Thanks for the explanation. A built-in memcpy is one of the language
features that I miss, as it seems to be the only way to do bit-casts
that are essential in some embedded domains (inspecting network packets,
data serialization...). A conforming freestanding implementation could
also include memcpy. That would not fix the problem for safety-critical
Sw but would be a good low-level tool for embedded developers that don't
want to write their own memcpy function in assembler.
Best,
Ion
> [I guess ->SG12]
Yes. I'll subscribe to the mailing list ASAP.
> How does safety certification work for C++ compilers (or compilers in
> general)? Do they specify the compiler's behavior in the face of
> constructs that the standard leaves undefined? (If so, how? That could
> be useful for the UB group.)
They don't specify the behavior, that would be impossible for some UB
cases. I don't know the details about how the compiler was certified,
but since the compiler can directly introduce errors in the software the
whole lifecycle of the product must be as strict as the lifecycle of the
safety-critical software. It must be perfectly defined, reviewed and
tested according to the highest safety level, applying safety analysis
and mitigating the risks. The only certified compiler I know is Green
Hills Multi:
http://www.ghs.com/products/MULTI_IDE.html#safety
it's using the EDG fron-end (this information is public in the EDG
website, http://www.edg.com/index.php?location=customers_oc). A very
high-level view of tool qualification is given here:
http://www.exida.com/index.php/blog/indepth/tool_qualification_and_safety_standards
http://www.embedded.com/design/prototyping-and-development/4007228/3/How-to-verify-your-compiler-for-use-in-IEC-61508-safety-critical-applications
I don't know if the safety assessor required and reviewed design and
test documents for all compiler parts (including the EDG front-end) or a
very deep testing requirements were added (and tested against other
compilers to test the same outputs were achieved).
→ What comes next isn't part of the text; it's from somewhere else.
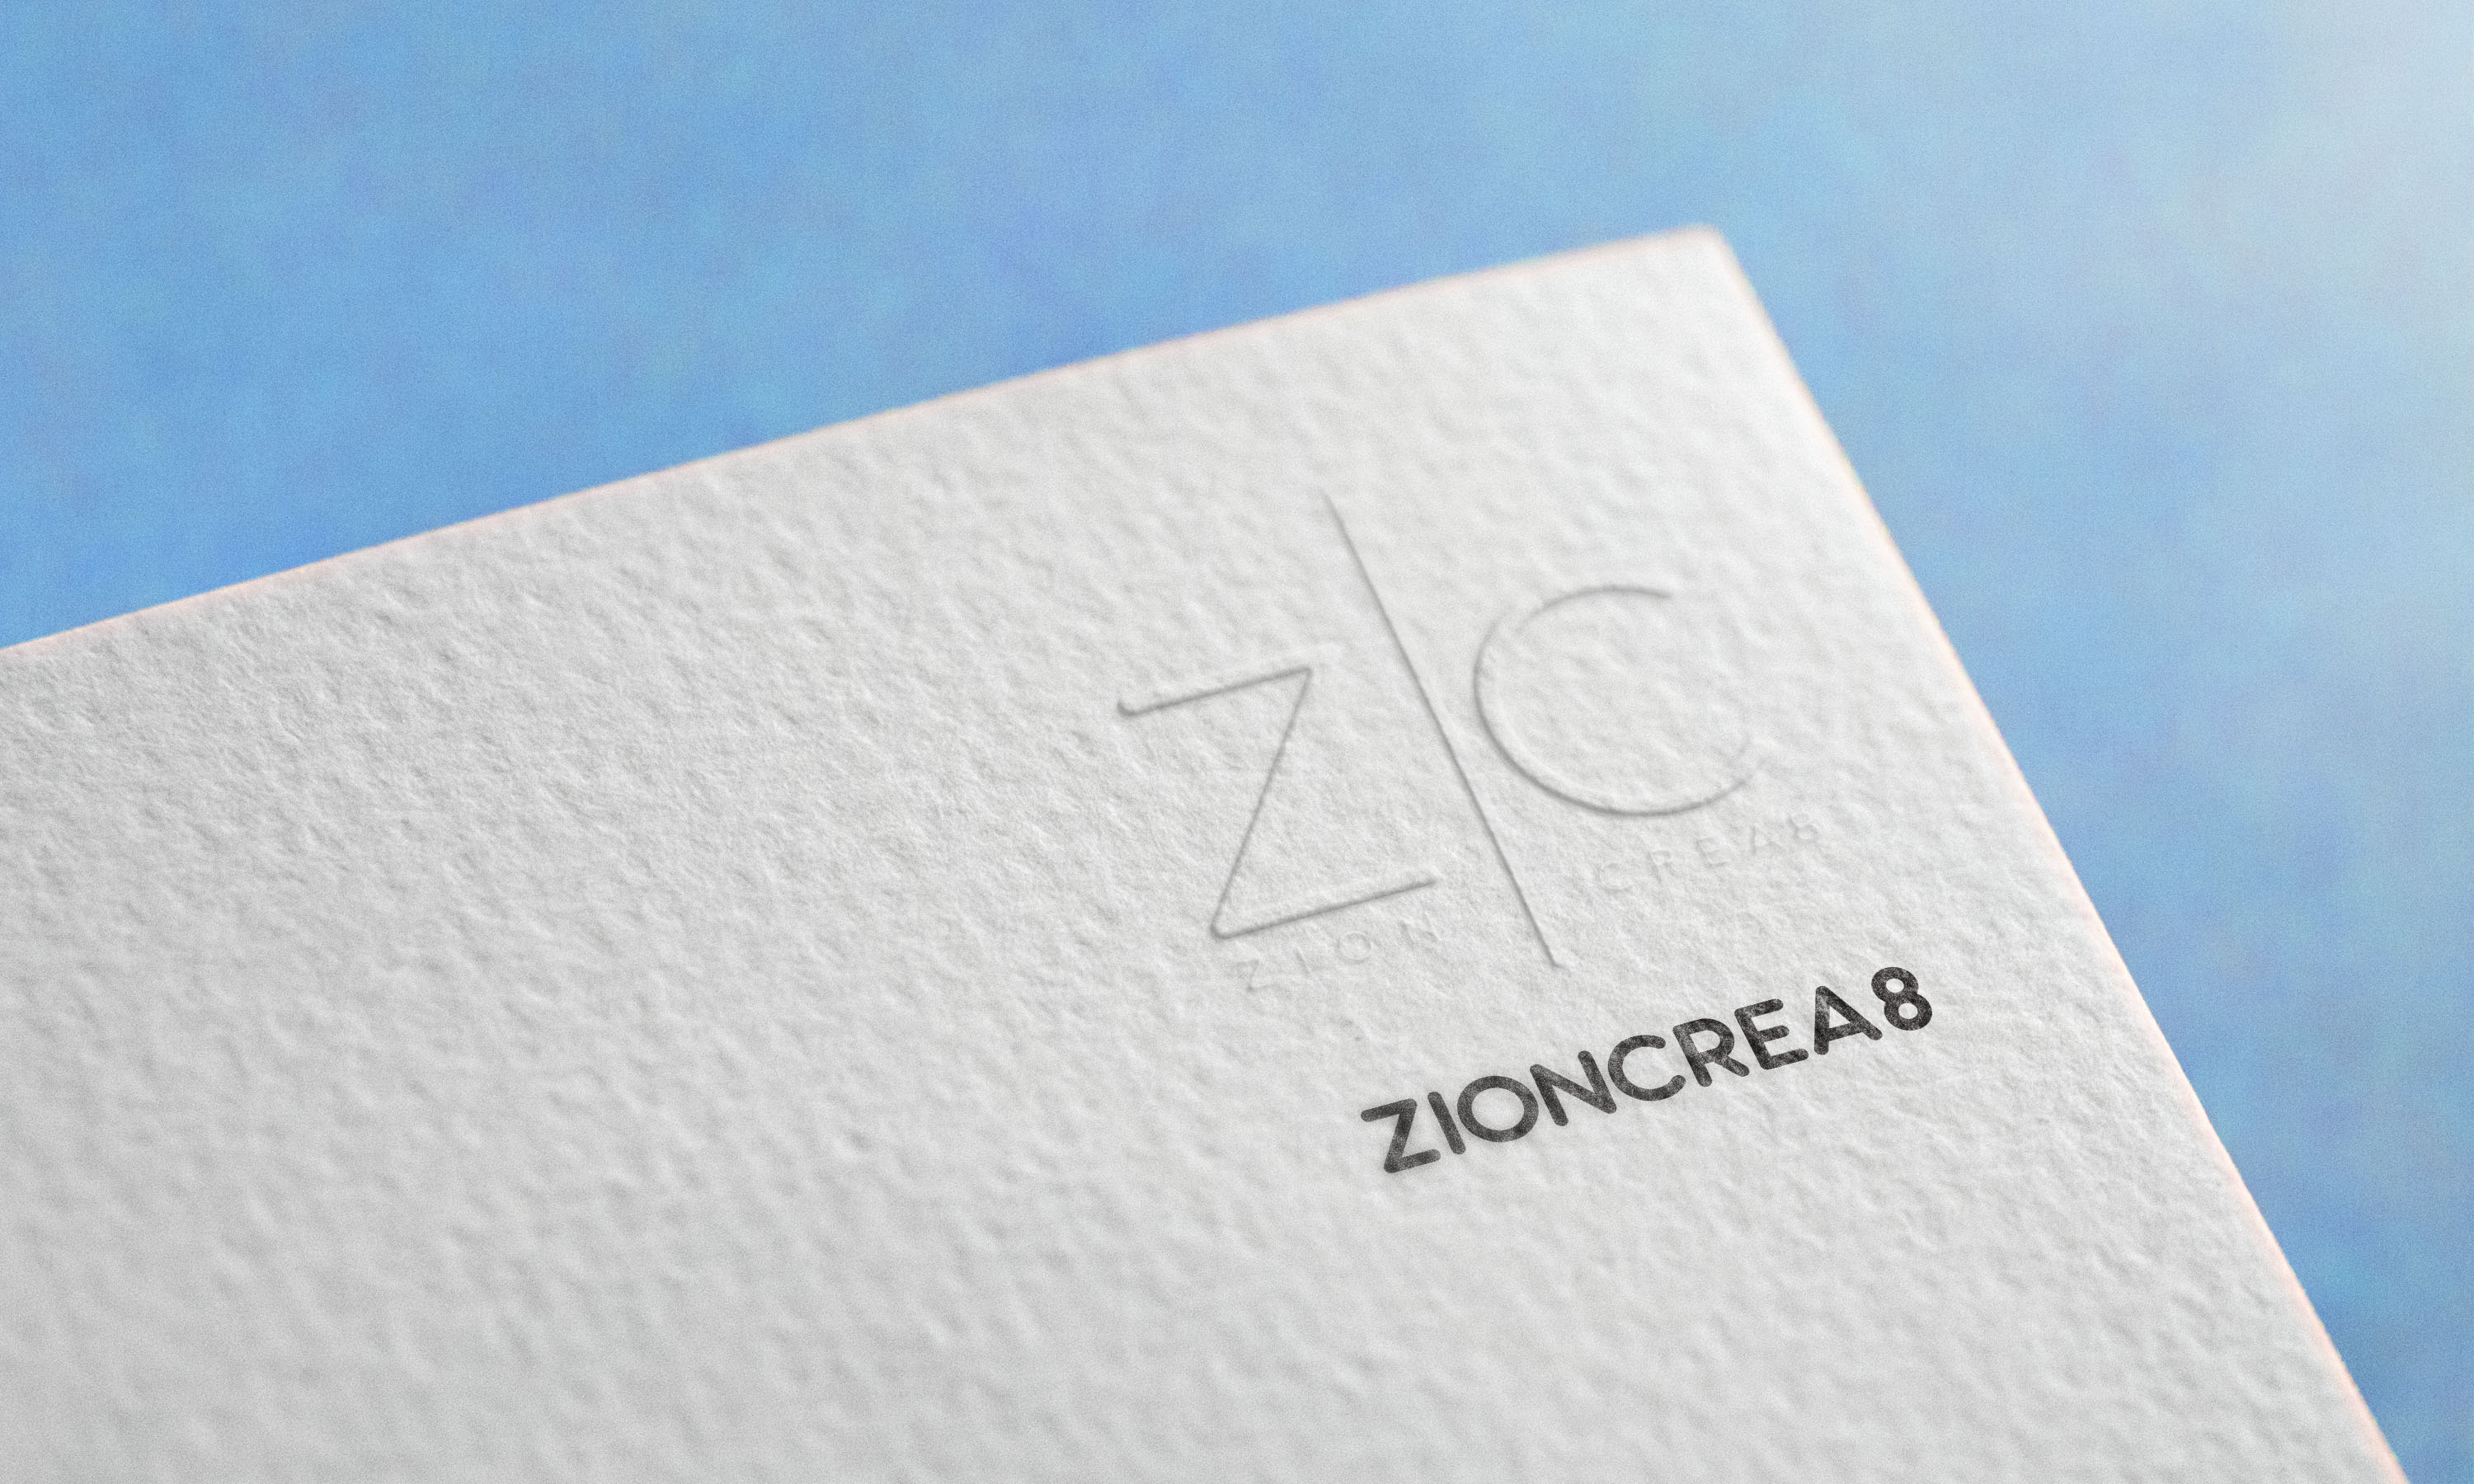 Zioncrea8 provider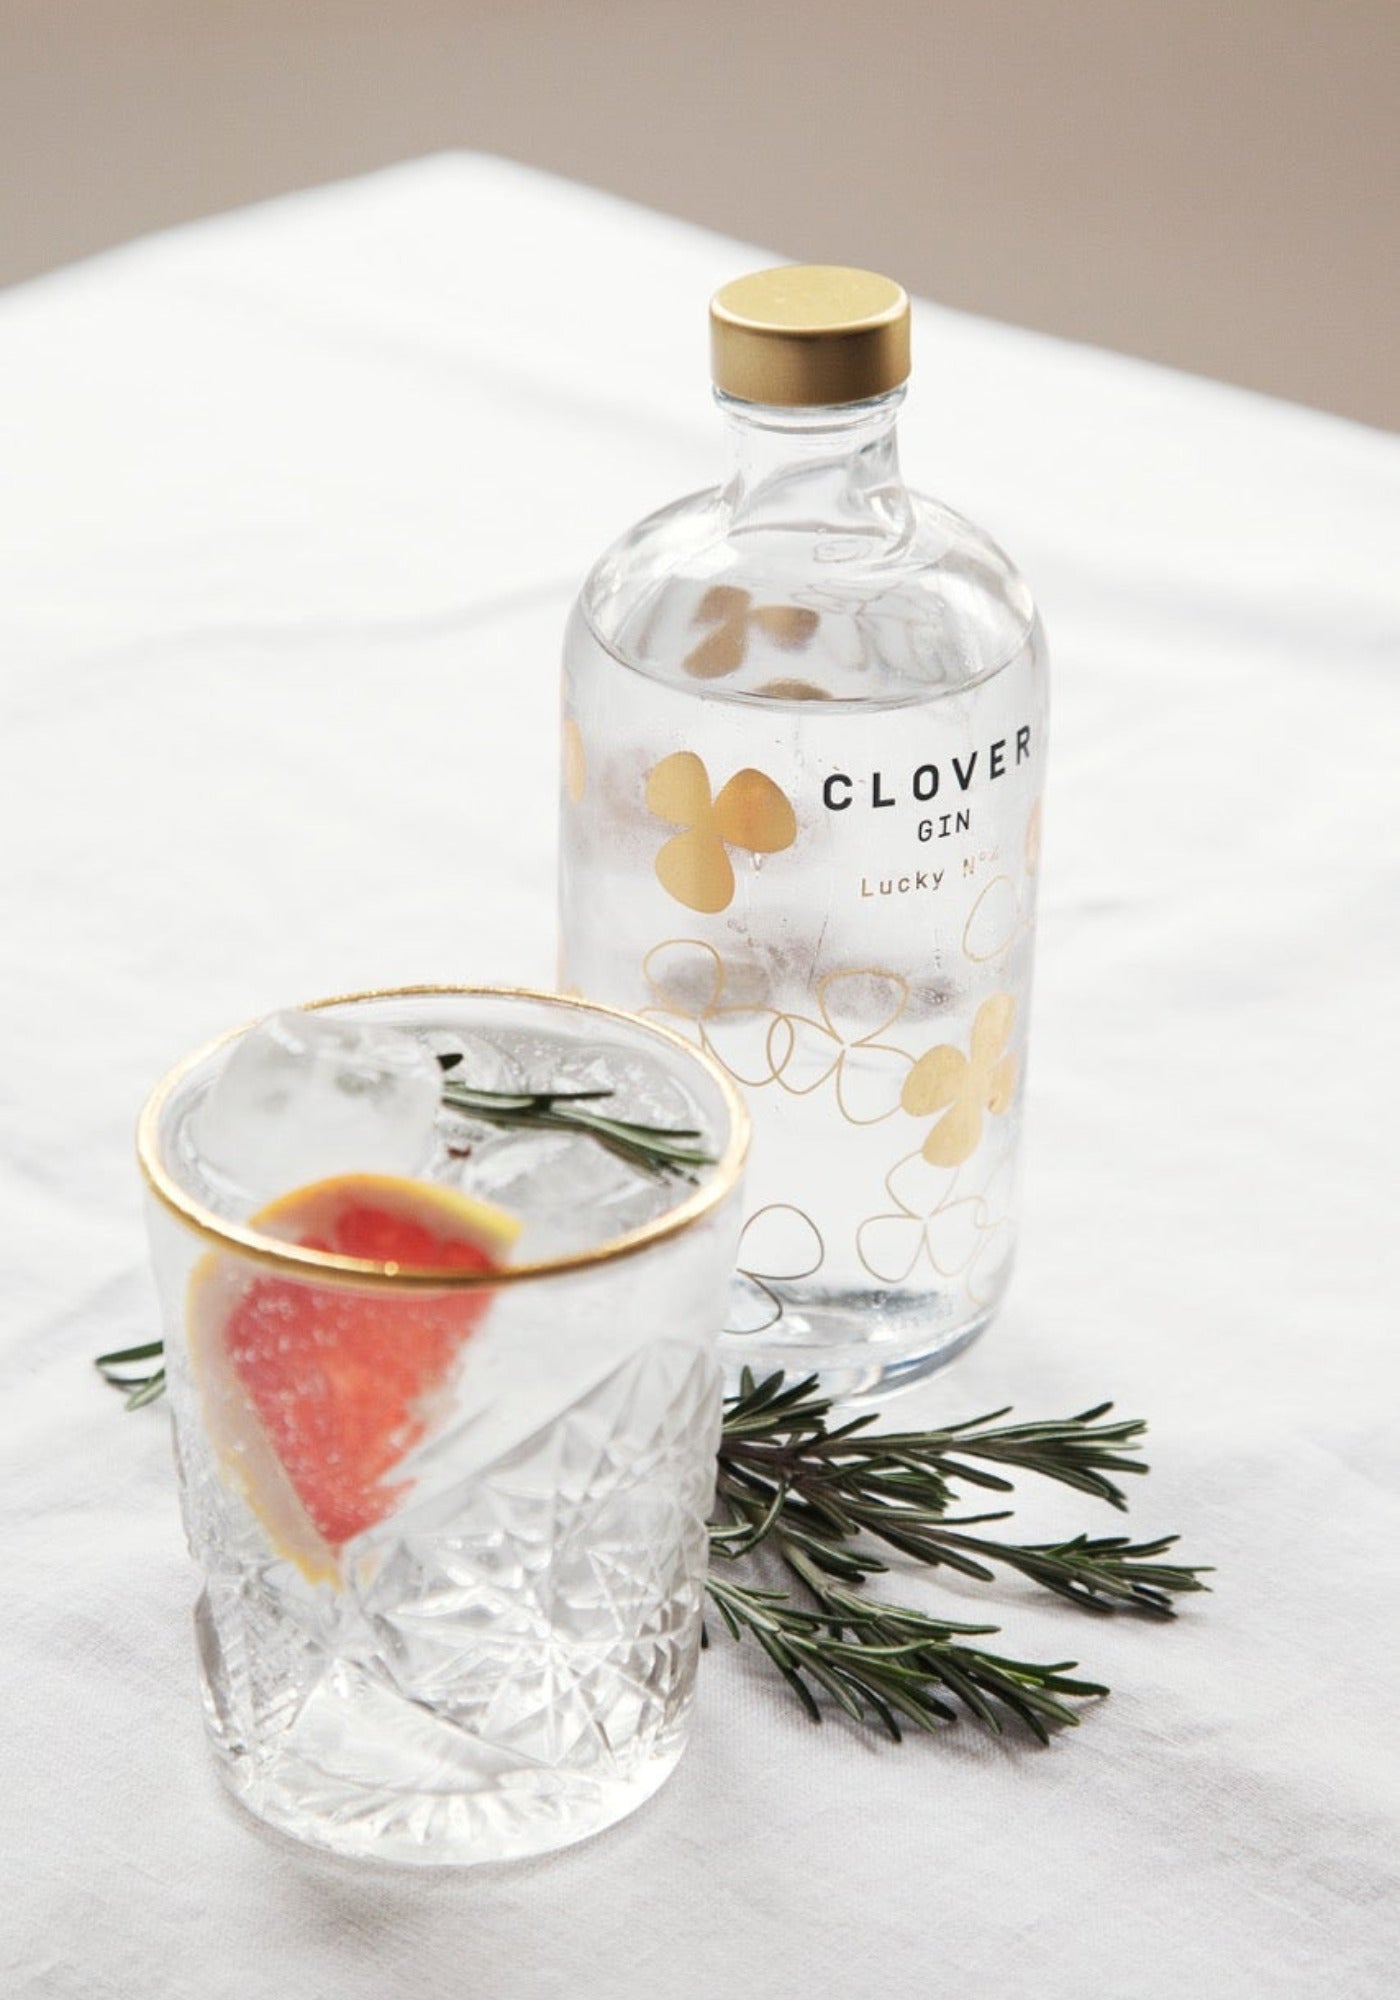 Le verre Hobstar de chez Clover Gin avec le Gin Lucky n°4

What the compiler does regarding UB is to add several compile-time
runtime checks that should be used during development and testing phases
(unit-testing, integration tests...). Those checks are disabled for
production code. This can at least reduce the presence of UB. Runtime
checks also include checks for some coding standards like MISRA C
(trapping on legal but usually dangerous operations like unsigned
integer overflows or the absence of enough case labels in switch
statements). typical checks include division by zero, null pointer
dereference, signed integer overflow, stack overflow, freeing memory
twice, etc. The runtime checks have quite a big size and performance
impact (executable code might be increased by 150%).
> Assuming that the certified compiler doesn't specify its behavior for
> situations the standard leaves undefined, this sounds crazy. Because
> you didn't have the resources to inspect the implementation of memcpy,
> you wrote an implementation that knowingly violates the rules under
> which your certified compiler produces expected output? And the
> independent safety assessor was happy with this?
The assessor was not happy, but we needed to inspect the assembler
produced by the compiler where our memcpy was used in our application.
That was a big job but convinced the assessor that this implementation,
for our compiler and our optimization levels, was correct. That is, we
needed to demonstrate that what the UB was for our compiler.
> Note also that with clang and gcc, you can call __builtin_memcpy to
> get defined and optimized behavior even without #including <string.h>.
> It may be replaced with a library call if the compiler doesn't
> optimize it, and your certified compiler may not provide the same
> feature.
Thanks for the explanation. A built-in memcpy is one of the language
features that I miss, as it seems to be the only way to do bit-casts
that are essential in some embedded domains (inspecting network packets,
data serialization...). A conforming freestanding implementation could
also include memcpy. That would not fix the problem for safety-critical
Sw but would be a good low-level tool for embedded developers that don't
want to write their own memcpy function in assembler.